À la porte d’Asnières, sitôt que le char eut franchi la grille de l’octroi, les agents qui avaient prémédité leur coup, voulurent refermer vivement les portes pour couper le cortège et empêcher cette exhibition des drapeaux rouges qu’ils avaient tant à cœur.

Ils comptaient sans la résolution des révolutionnaires ; les portes cédèrent sous la pression du peuple. Quelques voitures même, rentrant à Paris, durent à cette circonstance de n’être pas visitées.

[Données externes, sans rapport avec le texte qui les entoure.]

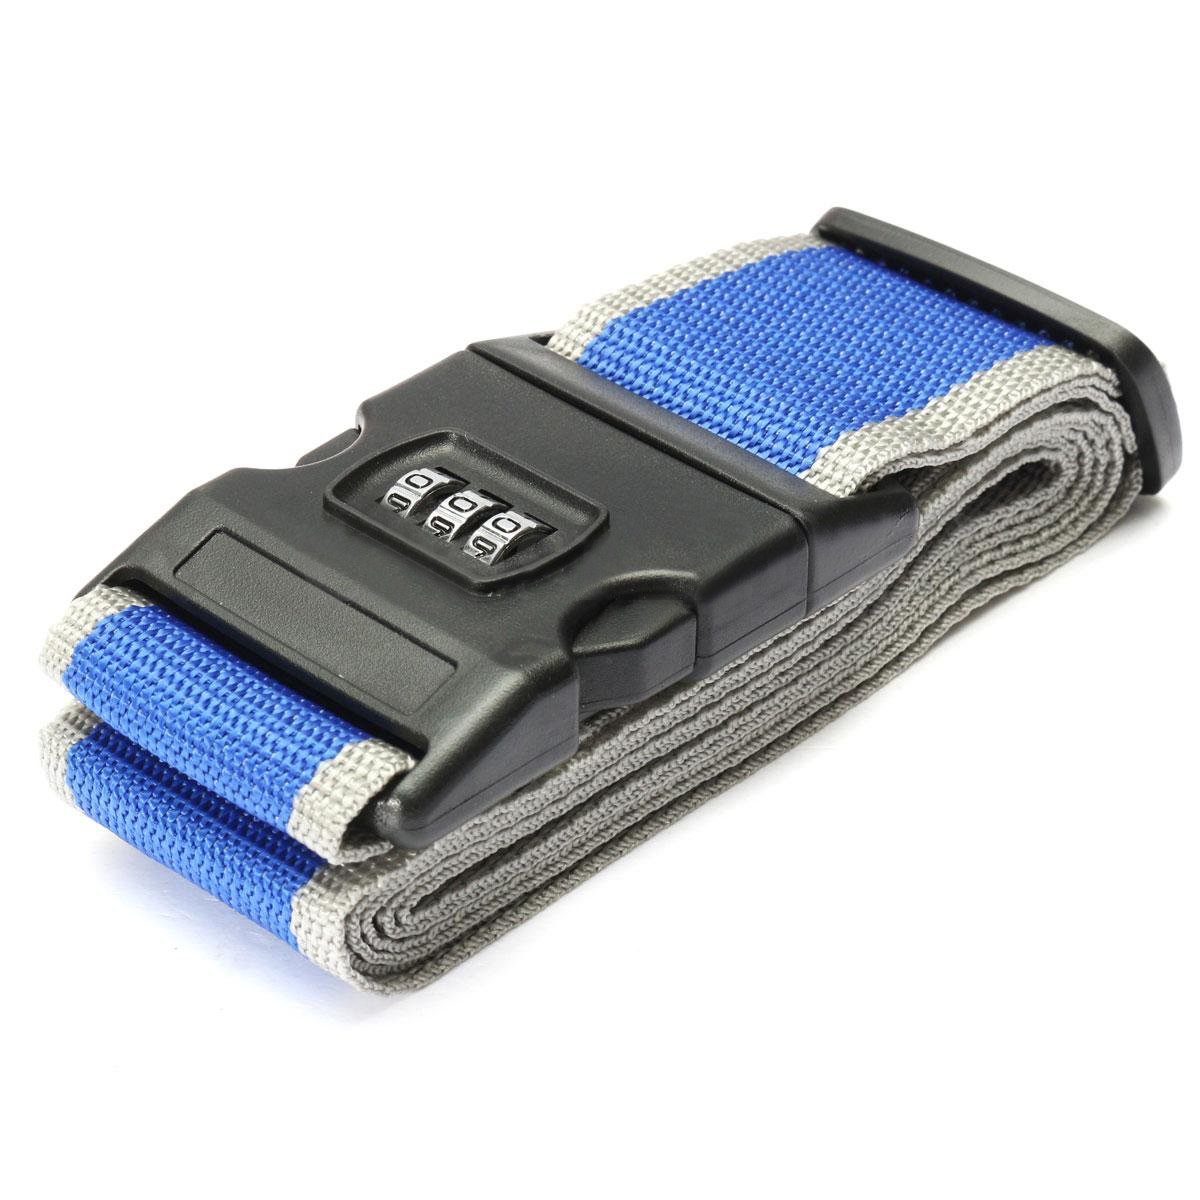 Luggage belt strape Safety Belt Lock Combination Travel Luggage Suitcase band bichi belt leg band combination does not contain light bulbs

Un dernier incident : pendant que le cortège longeait la ligne du chemin de fer de ceinture, un train passa ; tous les voyageurs étaient aux portières, et reconnaissant le convoi de la mère de Louise Michel, un grand nombre d’entre eux se mirent à agiter leurs chapeaux et leurs mouchoirs.

C’est ainsi qu’on arriva à Levallois-Perret.

AU CIMETIÈRE

La petite ville de Levallois-Perret était toute révolutionnée. Depuis longtemps on n’y avait vu autant de monde. Beaucoup de voitures stationnaient aux abords du cimetière. Tous les habitants étaient sur pied et formaient la haie sur le chemin où devait passer le cortège.

Le petit cimetière avait fait sa toilette. Les portes étaient grandes ouvertes, et déjà beaucoup de citoyens, plus pressés que les autres, prenaient leur place autour de l’endroit choisi pour l’inhumation.

C’est la tombe de Ferré assassiné à Satory par les Versaillais. Il y est enterré avec sa sœur, Marie Ferré, qui fut l’amie intime, la compagne dévouée de Louise Michel.

Le monument est modeste, entouré d’une grille et couvert d’une large dalle. Une pierre debout porte les noms du martyr et de sa sœur.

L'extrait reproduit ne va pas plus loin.